Anthropic’s approach shows how to scale codebases with robust harnesses, proper navigation, and modular agent components to avoid large-project failures.

Summary

AI LABS explores Anthropic’s roadmap for scaling coding projects with agents. The video emphasizes that small, easy projects collapse once dependencies grow and languages become less conventional, and it highlights practical steps to prevent that failure. Rodrigo and team note that agent navigation has shifted from rag-based semantic loading to file-system-based methods, mirroring how developers actually explore code. Claude Code, Codeex, and Gemini CLI are discussed as examples of strong inherent harnesses, but the main message is that a tailored harness—plus sub-agents, plugins, and LSP integration—drives real success at scale. Claude’s agent harness components are broken into five parts, starting with claude.md, which should stay concise (around 300 lines) and evolve with the project. Hooks, skills, and plugins are presented as essential tools to stabilize large-scale workflows and ensure consistent context without bloating memory. The video also stresses the importance of LSP for unconventional languages and the role of MCPs to connect internal tools and data sources. Finally, the host plugs a sponsor and points viewers to AI LABS Pro for deeper resources and templates to implement these practices.

Key Takeaways

Rag-based navigation is falling out of favor for large projects because semantic matching across a growing codebase can hallucinate or fail when the central database becomes unwieldy.
File-system-based navigation (bash tooling, ls) is the preferred mode now, loading exact code snippets into context without bloating the window.
A strong harness (Claude Code, Codeex, Gemini CLI) is crucial; model power alone isn’t enough—design a project-tailored harness to unlock real coding performance.
Claude.md should be concise (about 300 lines) and optionally split by subdirectories to keep context focused and scalable as the codebase grows; maintain it as the model evolves.5D1️

Who Is This For?

Essential viewing for software teams building large-scale AI-assisted coding workflows, especially those using Claude Code, Codeex, or Gemini CLI who want robust harnesses and stable context handling.

Notable Quotes

"Nowadays, shipping small projects has become really easy, but agents start failing the moment the codebase grows large and gets multiple dependencies."

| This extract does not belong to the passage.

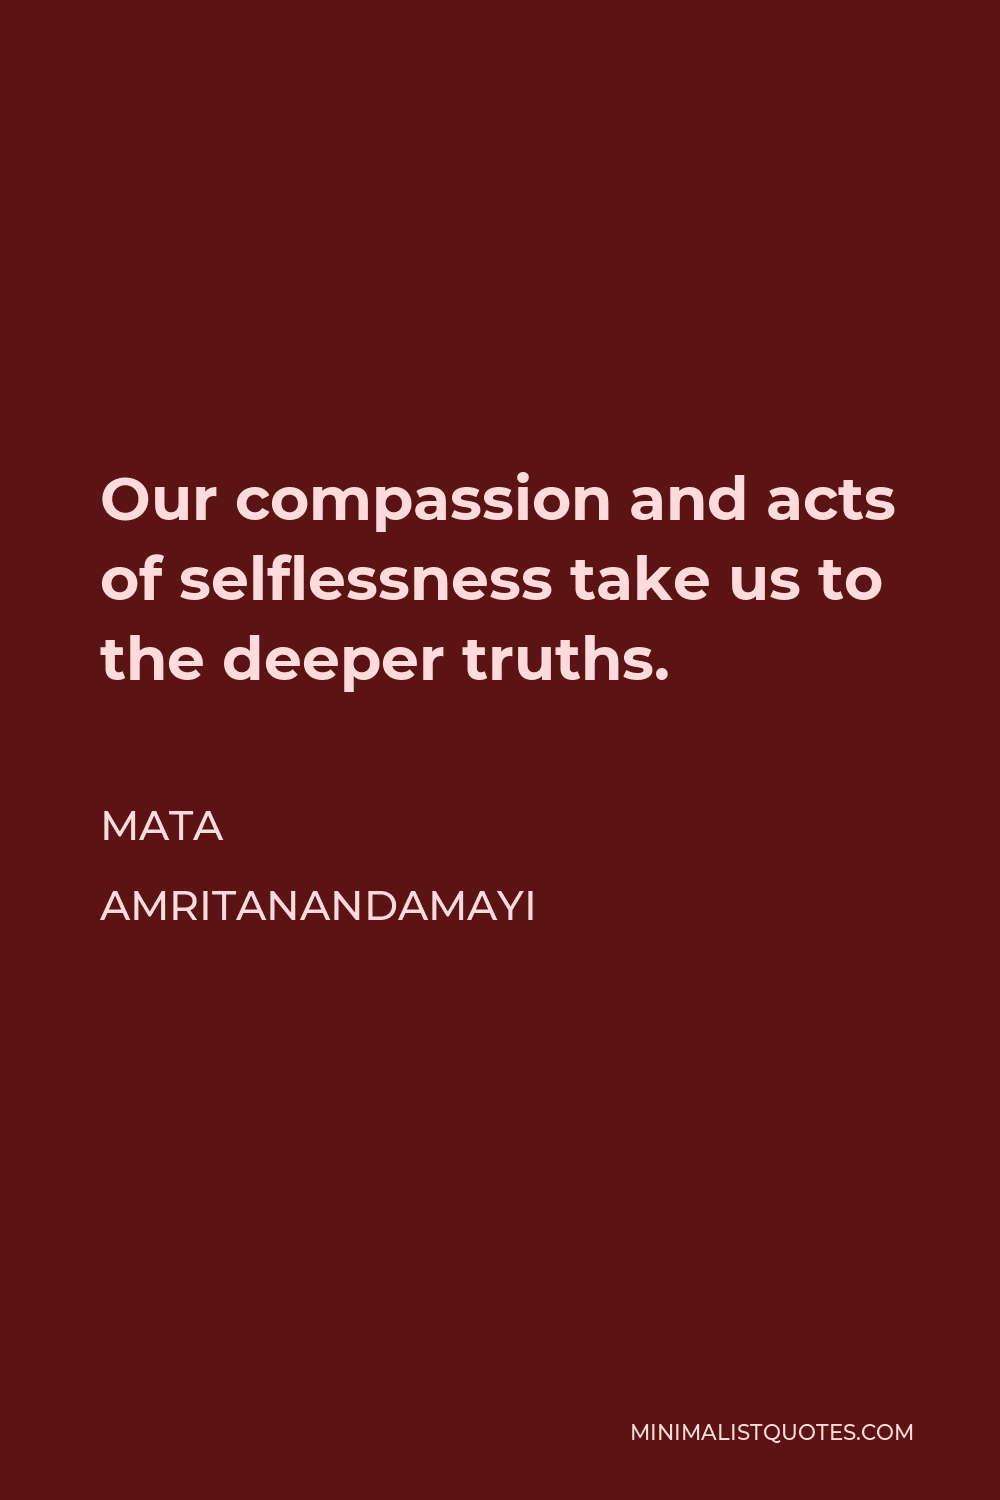 Mata Amritanandamayi Quote - Our compassion and acts of selflessness take us to the deeper truths.

—Sets up the central problem: scaling issues for agents amid larger codebases.

"The thing here is that no matter how models are improving on their own, the model alone does not determine how good the code you are able to produce will be."

—Emphasizes harness and integration over model power alone.

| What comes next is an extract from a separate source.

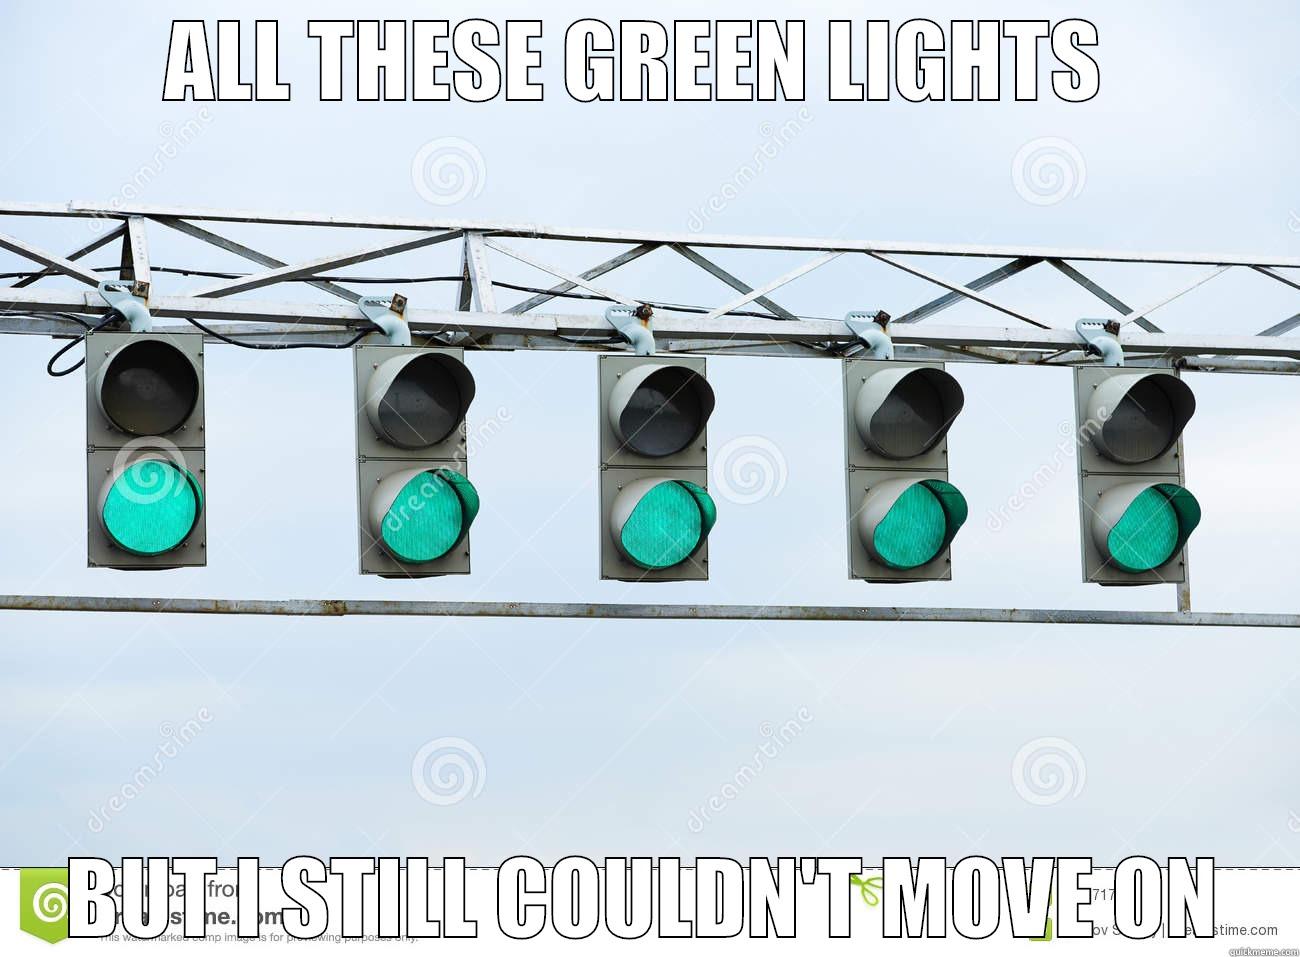 Moving on - ALL THESE GREEN LIGHTS  BUT I STILL COULDN'T MOVE ON Misc

"There are also open- source harnesses like superpowers and you can use any of those when you are building something."

—Highlights the practical option of using external harnesses.

"Hooks force Claude to act. They help when working with large-scale code bases."

—Underline the practical role of hooks in managing behavior.

"Sub aents contain isolated context windows of their own and do whichever task is delegated to them by the main orchestrator agent."

—Explains the purpose and benefit of sub-agents in the architecture.

Questions This Video Answers

How do you implement a scalable agent harness for a large codebase with Claude Code or Codeex?
What is the difference between rag-based and file-system-based navigation in AI agents, and why is the latter preferred for big projects?
What role does LSP play in guiding agents through unconventional programming languages?
How can MCPs and plugins streamline collaboration on large AI-assisted development projects?
Why should claude.md be limited to ~300 lines and how should you structure it across subdirectories?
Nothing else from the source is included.